I sucked at commenting for NCLM, and I am so sorry. I really did try very hard, and the first two weeks went off w/o a hitch, but then life happened, and I got behind with no way to make up. I am so very sorry if you have come here and commented and I have not gotten back to your blog. I busted ass to at least return comments even if I didn't do anything else, but even that was hard!!
I really have a few things going on in this brain of mine, miracle that I can think really with what little sleep the Turtle and I seem to be getting the last few nights. It seems that her teeth came with a strange sense that she no longer needs to let her mommy sleep.... Not happening. Mommy needs her sleep, or you get no food!! LOL ok not really, but DAMN I slept more when we first brought her home, so this has been a little of a challenge.

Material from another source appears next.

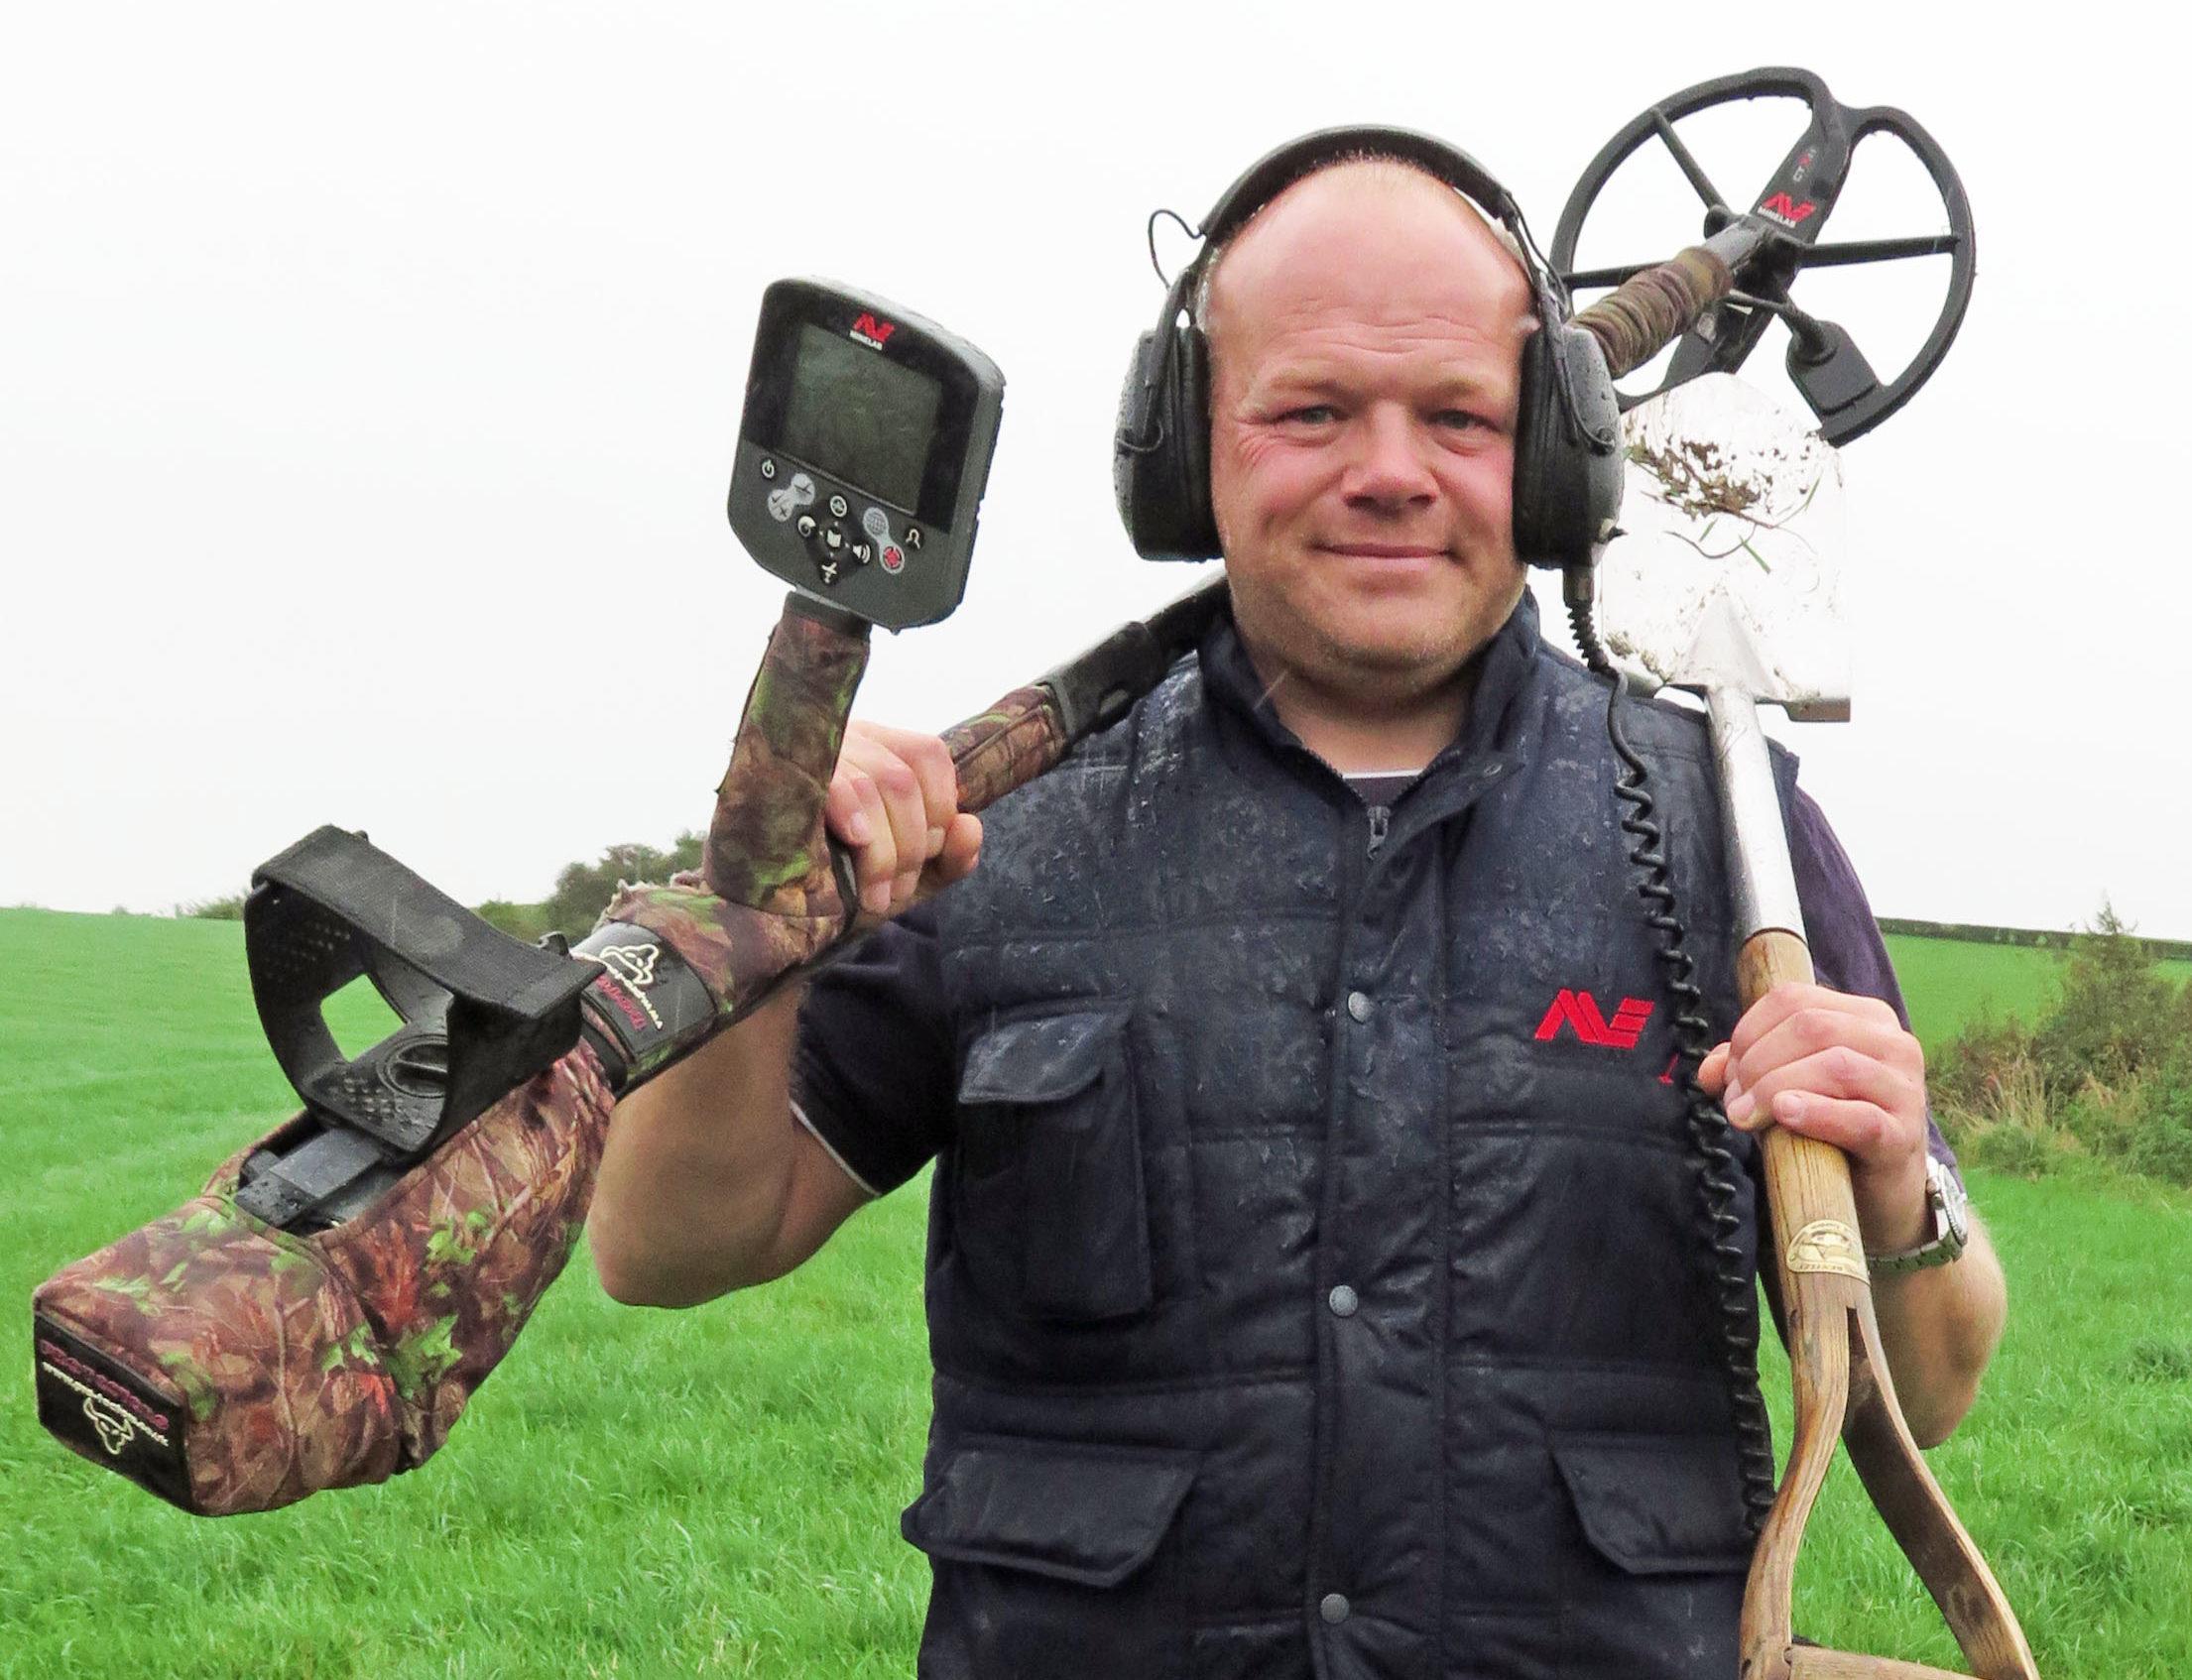 Derek McLennan with his metal detector in a field in Ayrshire

My other problem was with my actual commenting. Normally I would have been so full of amazing things to say, but now I just feel like a fraud. I mean how do I sit here and tell other women that it will happen for them, when I have the one thing that they want?? I would like to think that since I spent 14 1/2 years waiting and trying that would give me a little out, but I still find it hard. It isn't that I don't want to encourage, I just feel like I am now one of those women I used to look at and think "Yeah Whatever." when they told me to hang in there it would happen. Who wants to hear about the positive when everything feels so negative?? My heart was so broken, and I couldn't see past my own misery, and frankly I didn't give a shit about what anyone else had done or gone through. I didn't want to wait for it to happen, I wanted it NOW. So, remembering those feelings has made it hard for me to comment when the blogger is still trying. I don't want to sound like an asshole giving assvice, but yet I do want to encourage them. I pray that for every day they go without, it is bringing them closer to the dream. I sit here in my chair and hold their hands, invisibly of course through the Internet, but there in spirit just the same. I know that pain, and I guess that along with remembering it, I have tried so hard not to let go of it because I don't want to ever forget the hurt that I went through. Stupid I know, but I need a reminder of it to get me through the bad days.

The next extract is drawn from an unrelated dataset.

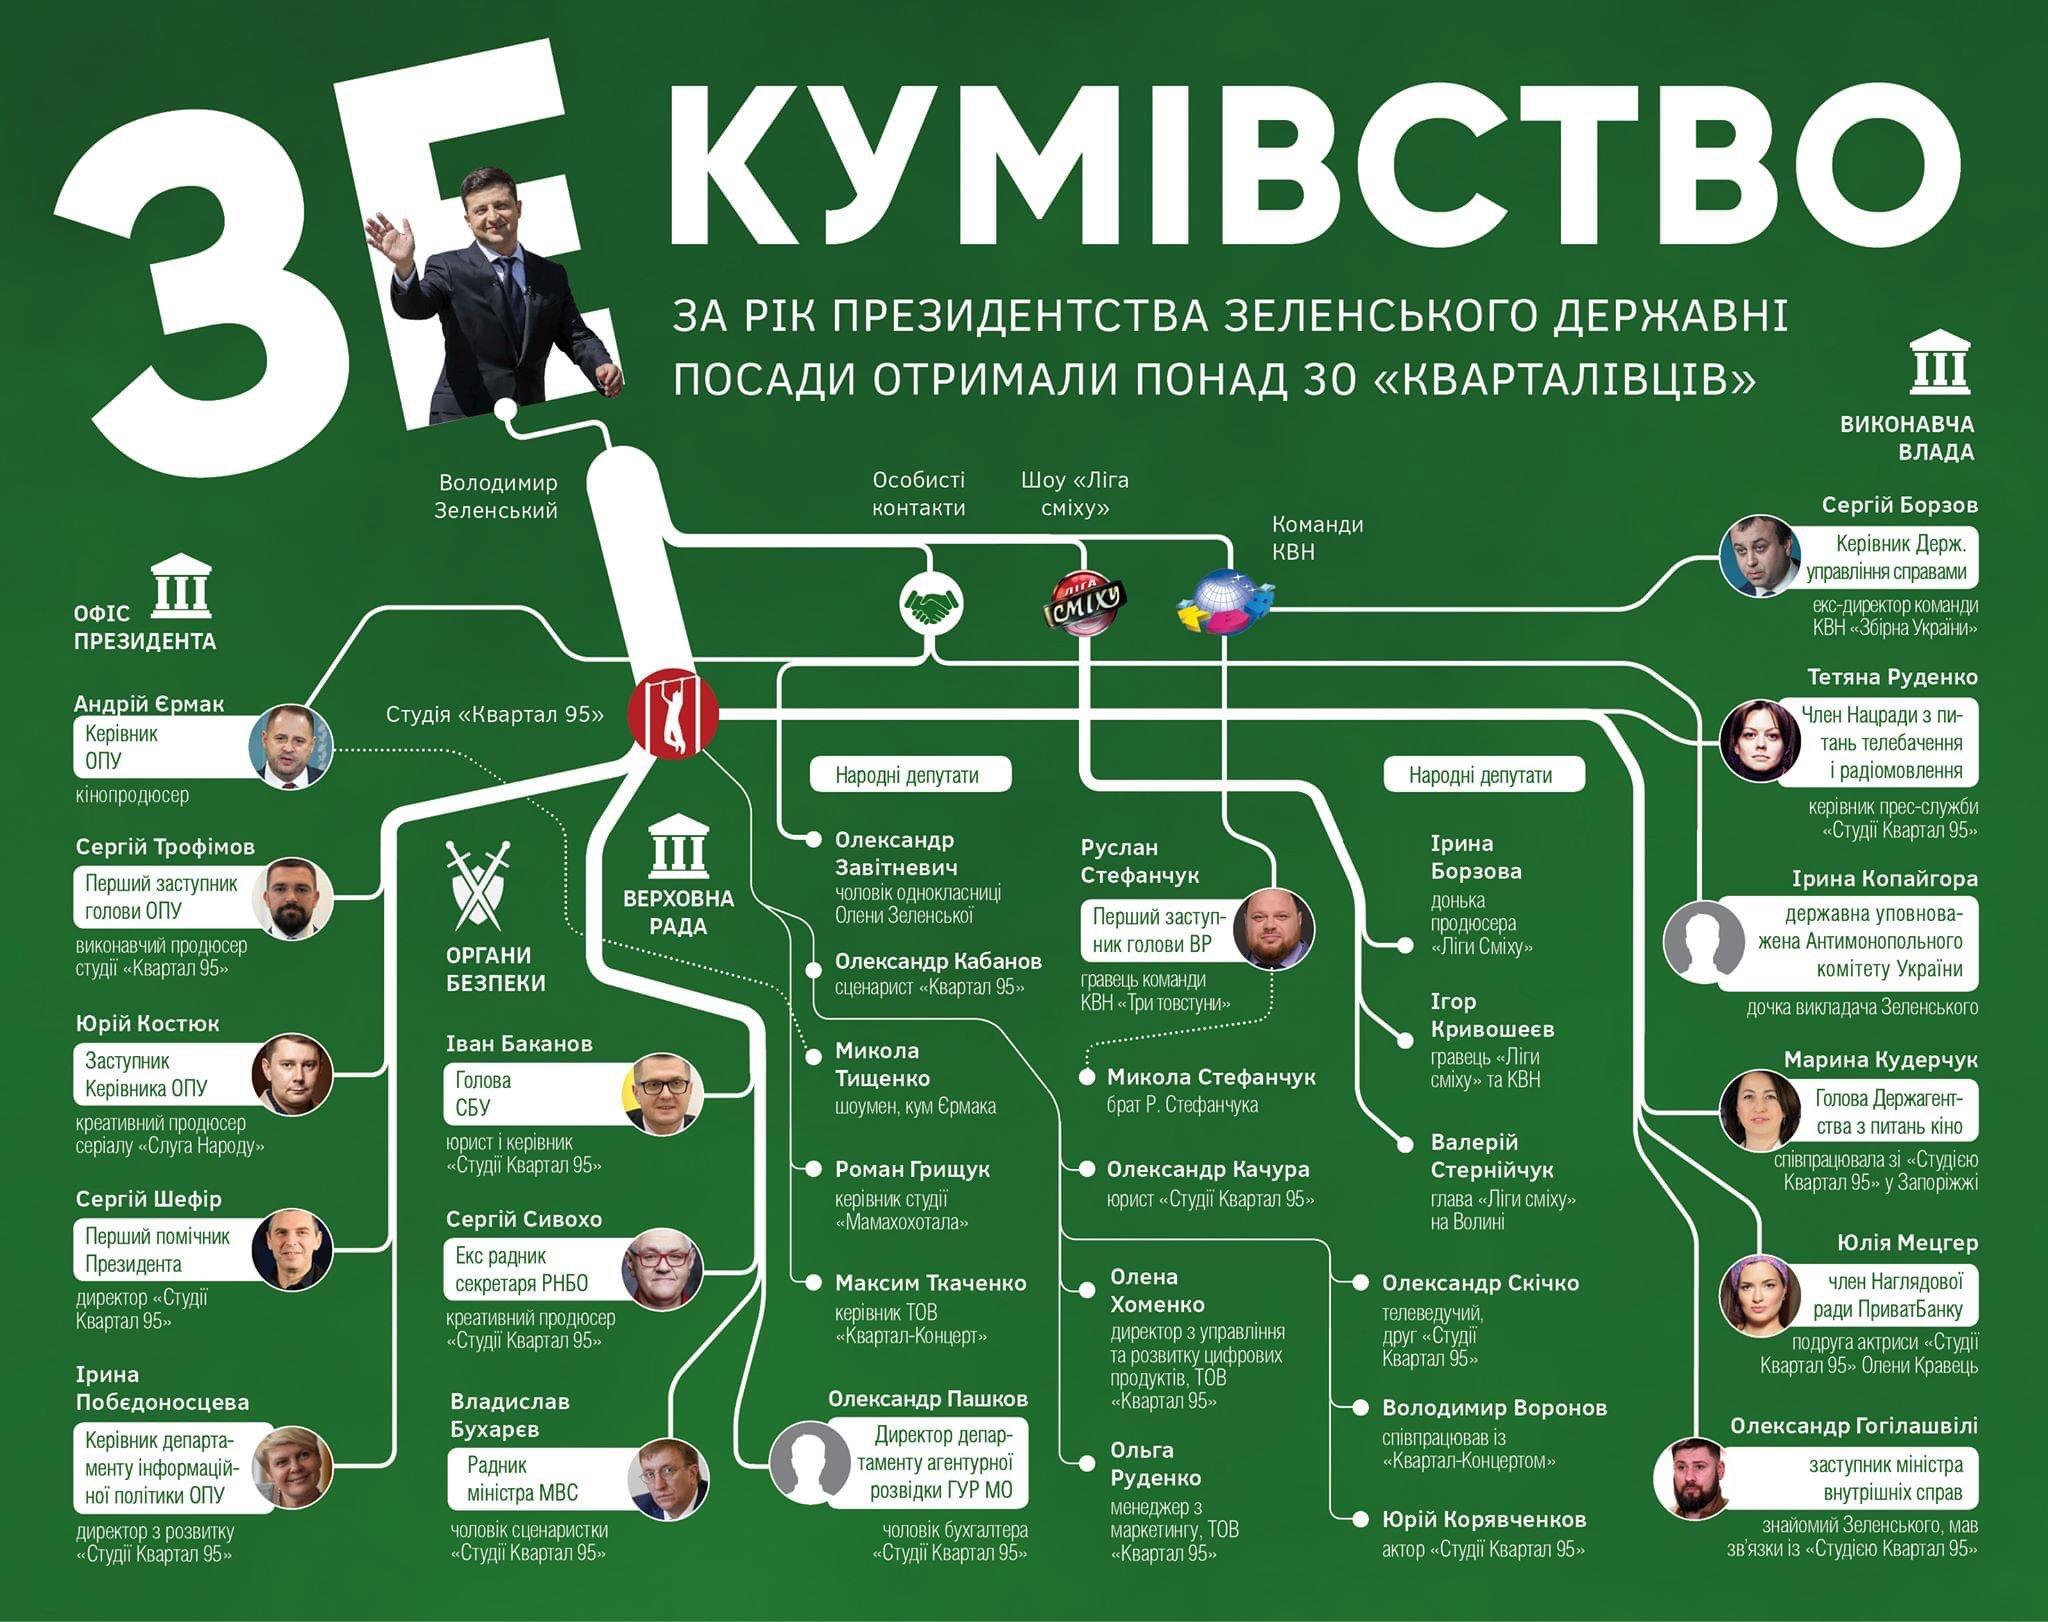 """Схема """"кумовства"""" Владимира Зеленского"""

I have honestly tried very hard to commit to doing another cycle, but the fear of failure is tripping me up more and more everyday. I am terrified. I have been all over the blogging community recently and seeing all of the loss scares the living hell out of me. I honestly do not think that I could handle any kind of heartbreak right now. I guess it all became so much clearer to me a few nights ago when I was waiting to see if the Turtle was actually going to stay asleep and let me head to bed. I was sitting and thinking about things from the past year, and I suddenly hit on the thought that I never mourned the twin that we lost. That poor little baby was forgotten about in the drama that Turtle caused. So, when I had that little memory, I lost it. I had to get up and go into the living room to cry. At first I felt a little foolish, but then I heard Turtle squeak through the monitor, and I knew then what it was. There had been two babies in there, and only one made it out. Two lives started inside me, and only one came home. I don't know what hurt me more, the thought that I hadn't mourned the loss of that little life, or the fact that I momentarily felt relieved. I desperately wanted both of our babies, and yet to me my loss seemed so small compared to the recent goings on in the blog world. I realized in that very moment though that it was a loss. I guess my way of getting through it then was to think it wasn't a loss long as I kept Turtle safe. But, now I realize I will never know which of the embryo's Turtle was... Starsky or Hutch. I will never know if that other embryo was a boy or a girl. I will never know the feeling of its skin on mine, or know its scent. I will never hear it laugh or see it smile. So much was lost and it is just now hitting me how profound that loss really was.
That is my fear, this heartbreak that I feel now, I am not sure I can do it again. I am downright terrified of feeling pain this great. I really wonder why I can't just be happy with Turtle, and let the rest of it go. There are days when I wish I had never known that there were two of them in there, because it only breaks me down. It makes me want to just give all this trying up. It is in those moments when she is nuzzled against my chest, sleeping in my arms, that makes me wish I had known the other little person who was with us for that short time.
So, when I look at Turtle, she grins that little grin, I want that all over again. Is it worth it?? I don't know.